Delhi v Rajasthan, IPL 2010, Delhi March 31, 2010

Tait's misery, and a needless time-out

Plays of the Day from the IPL fixture between Delhi Daredevils and Rajasthan Royals in Delhi

Nervy start
Early signs were that Rajasthan Royals were on going to have their task cut out. Shane Warne again opted to start the innings with Yusuf Pathan's offspin, and Virender Sehwag thumped a six and four to get the crowd going. In the second over, bowled by Sumit Narwal, the previous game's centurion David Warner was dropped on 1 by Siddharth Trivedi at mid-on. Warne then gave the ball to Adam Voges for some left-arm spin and Sehwag smacked two boundaries.

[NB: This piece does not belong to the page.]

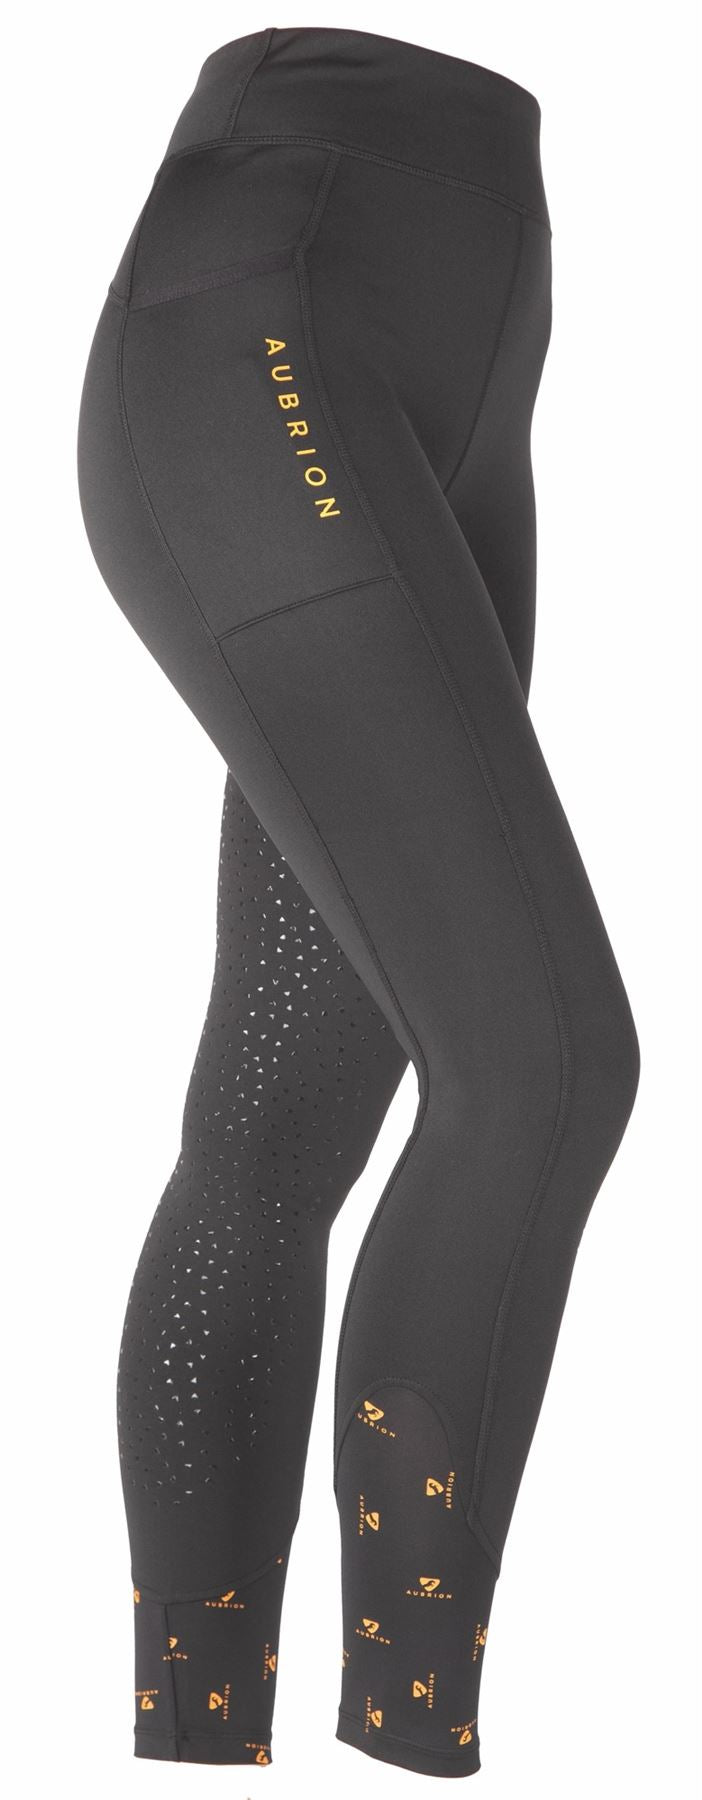 WINTER Thermal Riding Tights / Leggings pockets - COMPETITION

How quickly the tables turn
A high-octane fourth over snapped Delhi's momentum. Narwal had his revenge first ball of the next over when beat Warner's bat with a lovely yorker. Immediately, he set off in wild and understandably animated celebrations, sort of like what Monty Panesar used to do in his days playing for England, only minus the goofy leap and inability to connect palms with the nearest fielder. Two balls later the bowler was again buzzing all over the place after Sehwag top-edged a skier to deep square leg.

Ojha to the rescue
During the aforementioned double-wicket over, the Rajasthan wicketkeeper Naman Ojha's alertness saved his side five runs. Gautam Gambhir charged Narwal and got an inside edge. The ball beat Ojha and was headed at the helmet placed a few yards behind him, but he turned and sprinted after it, then dived forward to stop it hitting the helmet. Talk about a speedy recovery.

Colly's gotta go
Start as you mean to go on, goes the old adage. That's just what Paul Collingwood tried to do after Delhi were jolted by the loss of their dynamic openers. He made excellent contact to the first ball faced, pulling Shaun Tait for six, and followed up with two boundaries. With a strike-rate of 200, Collingwood was run out by some excellent fielding. Gambhir struck the ball to Voges' right at point, but Collingwood was hesitant initially and a late reaction sent him packing. After a blazing start, Collingwood had problems switching gears and was out for 16 from eight balls.

A much-needed over
Delhi's innings had been deprived of momentum from the start, and just when an excellent stand was shaping to explode, Gambhir was dismissed to leave the hosts at 148 for 6 after 17 overs. Enter Shaun Tait, who Warne said at the toss had been eager to really flatten Delhi with his pace. Who was left deflated was evident after the over, which cost 20. Tait began with a beamer that flew away for five runs, and a well-set Dinesh Karthik carted the last three deliveries for boundaries.

All hot air
Tait's evening finished with him becoming the proud owner of the most expensive spell in this IPL. Andrew McDonald hit the first ball for four, and Karthik dumped the fifth for six. But off the ball before, Karthik had refused a single to cover. It transpired that Tait had said something to Karthik, and clearly the batsman had something to respond with. Tait did pick up a wicket with the final ball of the innings, but with figures of 1 for 53, out of which Karthik scored 27, it was evident who had bragging rights.

Good arm
Delhi's assistant coach Eric Simons rates Sarabjit Ladda, the legspinner drafted into the squad this season, as a real talent. Ladda hasn't returned that praise with a bag of wickets so far, but he used his right arm to good affect. Voges clipped a slower ball past midwicket but some hesitancy saw him shoo back Abhishek Jhunjhunwala after he was a ways down for the second. Ladda, having sprinted across in the deep, returned a sharp and flat throw to Karthik who broke the sticks with Jhunjhunwala well short of his crease.

Time-out or time waste?
Just what was the point in taking the two-and-a-half-minute strategic break after 16 overs of Rajasthan's woeful chase? At the juncture the game was done and dusted with the visitors on 111 for 8 and needing 78 runs from 24 balls. There was nothing strategic happening in the middle during the time-out, apart from a few swigs of coolant, a dab of the towel here and there, and a punch of the gloves.

What possibly could Tait have been told - to try and make up some of the 53 runs he'd bled with the ball? Two balls after the interval and Ladda had Paras Dogra stumped. Chalk that down to a good ole'-fashioned swing-and-miss rather than the result of any strategy. The IPL needs to reconsider this policy in one-sided matches such as this.